In `@src/openhuman/channels/runtime/startup.rs`:
- Around line 42-635: The start_channels function has grown too large; split its
responsibilities into smaller functions/modules: extract bus/subscriber
registration into a new module/function (e.g., register_startup_subscribers)
that encapsulates calls to event_bus::init_global, TracingSubscriber subscribe,
register_health_subscriber, register_skill_cleanup_subscriber, the Phase 2–4
learning OnceLock blocks and cron/proactive/tree subscribers; extract
provider/memory/bootstrap logic into a new function (e.g.,
bootstrap_provider_and_memory) that returns (provider, mem, runtime, security,
audit, provider_runtime_options) and contains
create_intelligent_routing_provider, provider.warmup,
host_runtime::create_runtime, SecurityPolicy::from_config,
get_or_create_workspace_audit_logger, memory::create_memory_with_local_ai;
extract channel list construction into its own function (e.g.,
build_channel_list) that returns Vec<Arc<dyn Channel>> and contains all
config.channels_config.* branch logic and spawn_supervised_listener wiring; keep
start_channels to orchestrate the high-level flow (call the new functions,
compute backoff/limits, create runtime_ctx, and call run_message_dispatch_loop).

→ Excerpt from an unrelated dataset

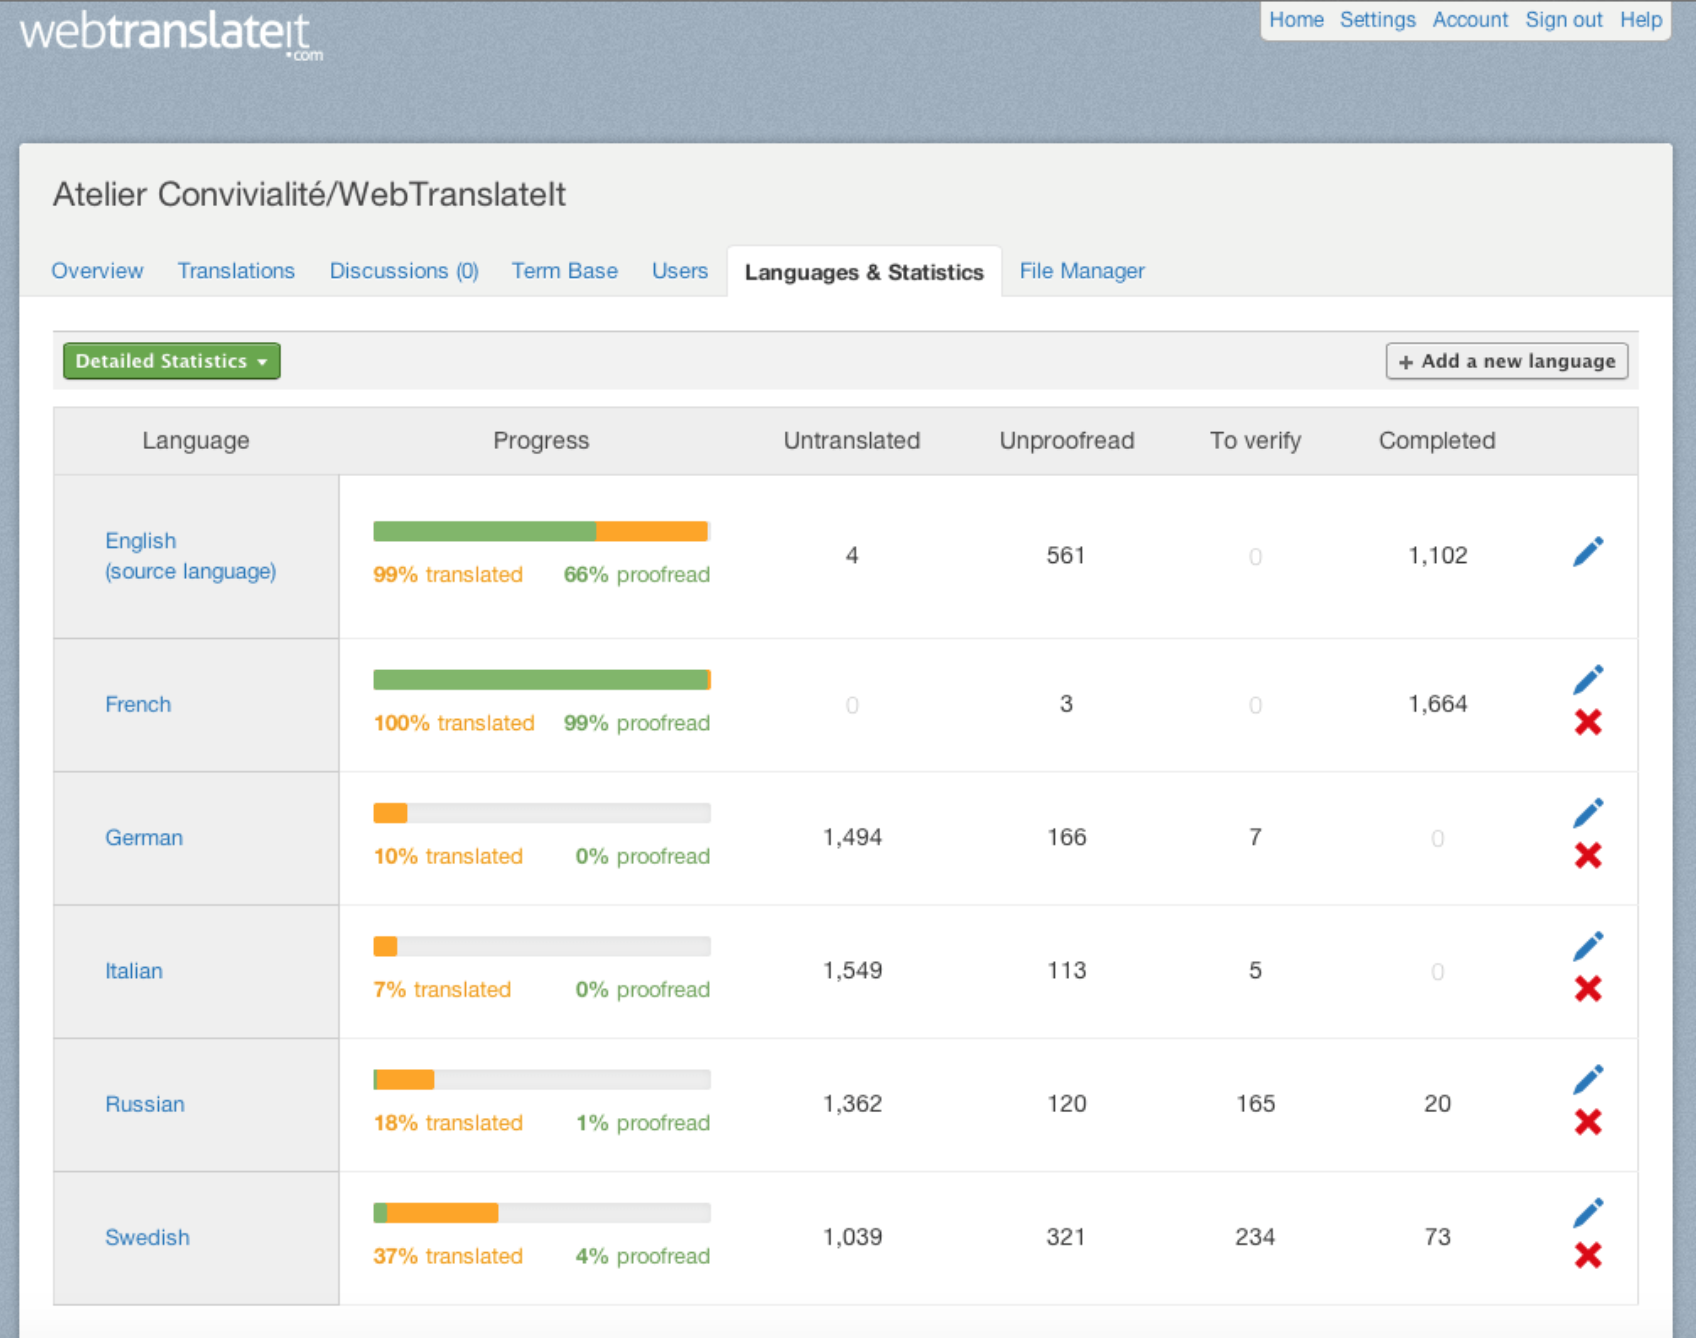 webtranslateit.com Demo - Languages and Statistics tab

Refactor by moving extracted code into new files/modules, keeping existing
symbol names (start_channels, spawn_supervised_listener,
run_message_dispatch_loop, build_system_prompt, tools::all_tools_with_runtime)
so callers remain unchanged and tests compile.

In `@src/openhuman/context/segment_recap_summarizer_tests.rs`:
- Line 19: The test module in segment_recap_summarizer_tests.rs has grown past
the ~500-line guideline; split it into smaller focused test modules (e.g.,
segment_recap_summarizer_unit_tests.rs,
segment_recap_summarizer_integration_tests.rs) by moving related test functions
into new files, preserving imports like ChatPrompt and any helper fixtures,
exporting or re-exporting shared helpers via a common mod (or a tests/util.rs)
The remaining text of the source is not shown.